Kids these days are so royally fucked up, but it's not their fault. They're stupid; burdened by hereditary; underdeveloped aliens without a mothership. And ya know, I could go straight into Black kids being fuckin' criminals a few weeks after puberty or Mexicans being pirates after they jumped the fence, but I won't even make it a race thing. We're all equally fucked up when raising these little bastards, and I for one certainly shouldn't be a role model for an upcoming person in this world, 'cause ya know what I say? . . .
Christ, when my son was six years of age I was playing Mortal Kombat with him, playing Insane Clown Posse while he was in the room, then telling him to go get me a refill, knowing damn-well I'd make him sleep on the floor while I let beer farts go out of my ass, only wanting to fall asleep sooner because that was the quicker she came and picked him up the next day.
Fuck my baby mamma and fuck yours, too. She's a lazy bitch.
For real. I'm no different than you, so don't think I'm up on some fucking Christian cross in my mind. Don't think for a second I even got or gave a phone call this past Father's Day, because nothing of the sort happened. I went to work and downloaded warez all fuckin' day and could have really given a shit if my dad called me or if I called my son's mother and asked her to hand him the phone while I verbally gave him something that wasn't snail-mailed to him a week earlier in the form of money, which is what they both fucking wanted anyway.
Back to the point, ya know, we give that fucking bitch money every month, deal with her bullshit every two months and it's still not good enough. Fucking broads, man. Once again, fuck your baby's mama and fuck mine, too.
It's all feminist shit, too. Ya know, they wanted the right to vote, so we gave 'em that. Then they wanted equal rights, wanted in the military, wanted CEO positions, talk-shows up the ass, fuckin' gay parades for their 'reformed' dyke asses. Gave 'em bars, dildos and male strippers and they still can't shut the fuck up. They want even more money because they're all so broke, hah! Here's the punchline: then they meet someone they want to marry with your kid and start a new family with him, with their uneducated ass, which brings me to my golden question. Bitch, if you want so much goddamn money in life, why not take your sorry ass back to school instead of reproducing more and expecting other people to hand you funds so you can make it in contemporary society? How about you go out and EARN money instead of spreading your flaccid thighs for someone else hoping for some payday?
Why won't they do this? Well, the answer is laziness and hedonism all rolled together into a nice fuckroll for every man out there who wouldn't give a shit if that bitch ran into oncoming traffic during the first, second, or third trimester. Man, fuck your kid's mother. That bitch seriously ain't anything special. Whether your kin is derived from prejack or a full load in her cunt, you know as well as I do that one particular load should have been dropped on her cheek rather than inside her weak pussy.
Every single mother out there can go check my "Happy Mother's Day" post if they still disagree, and if you're not referenced in that post, it's only because your fatass can't be, which means you're not only too unbecoming to give a dollar bill to, you're also not that fucking smart to go make your own money.
I just washed my hands after coming home from work, too, which means my middle finger is really clean.

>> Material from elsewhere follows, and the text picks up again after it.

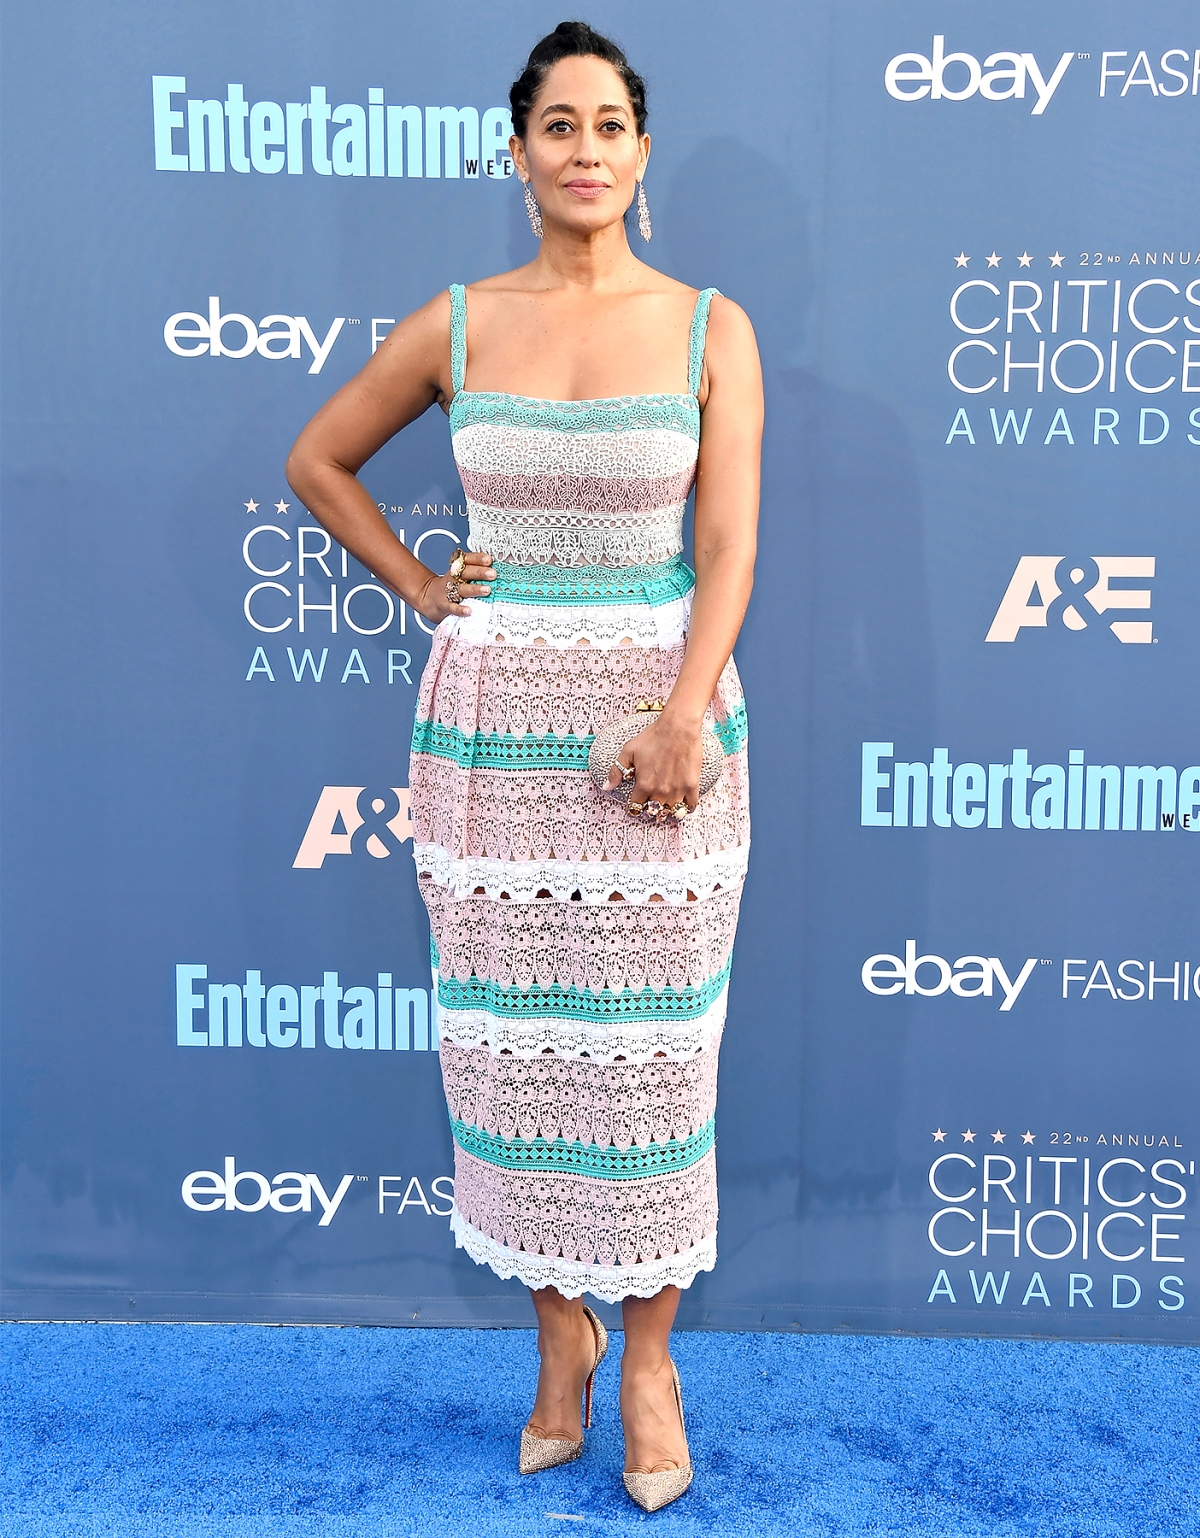 Critics\' Choice Awards 2016 Red Carpet Fashion: Stars\' Style

It's fresh just for you, because child support doesn't make us a good dad . . . it only makes us envy cavemen and Romans.
So for your baby mamma, I say the hell with a kick in the belly . . . have 'em taste the cyanide before the contractions start. If you're in Alabama, punch her as well. I'm confident you'll only get 20-45 hours of community service.
Z.
(I must appologize to my son if he ever reads, for this post didn't have anything to do with him personally. He's greater now than I'll ever be.)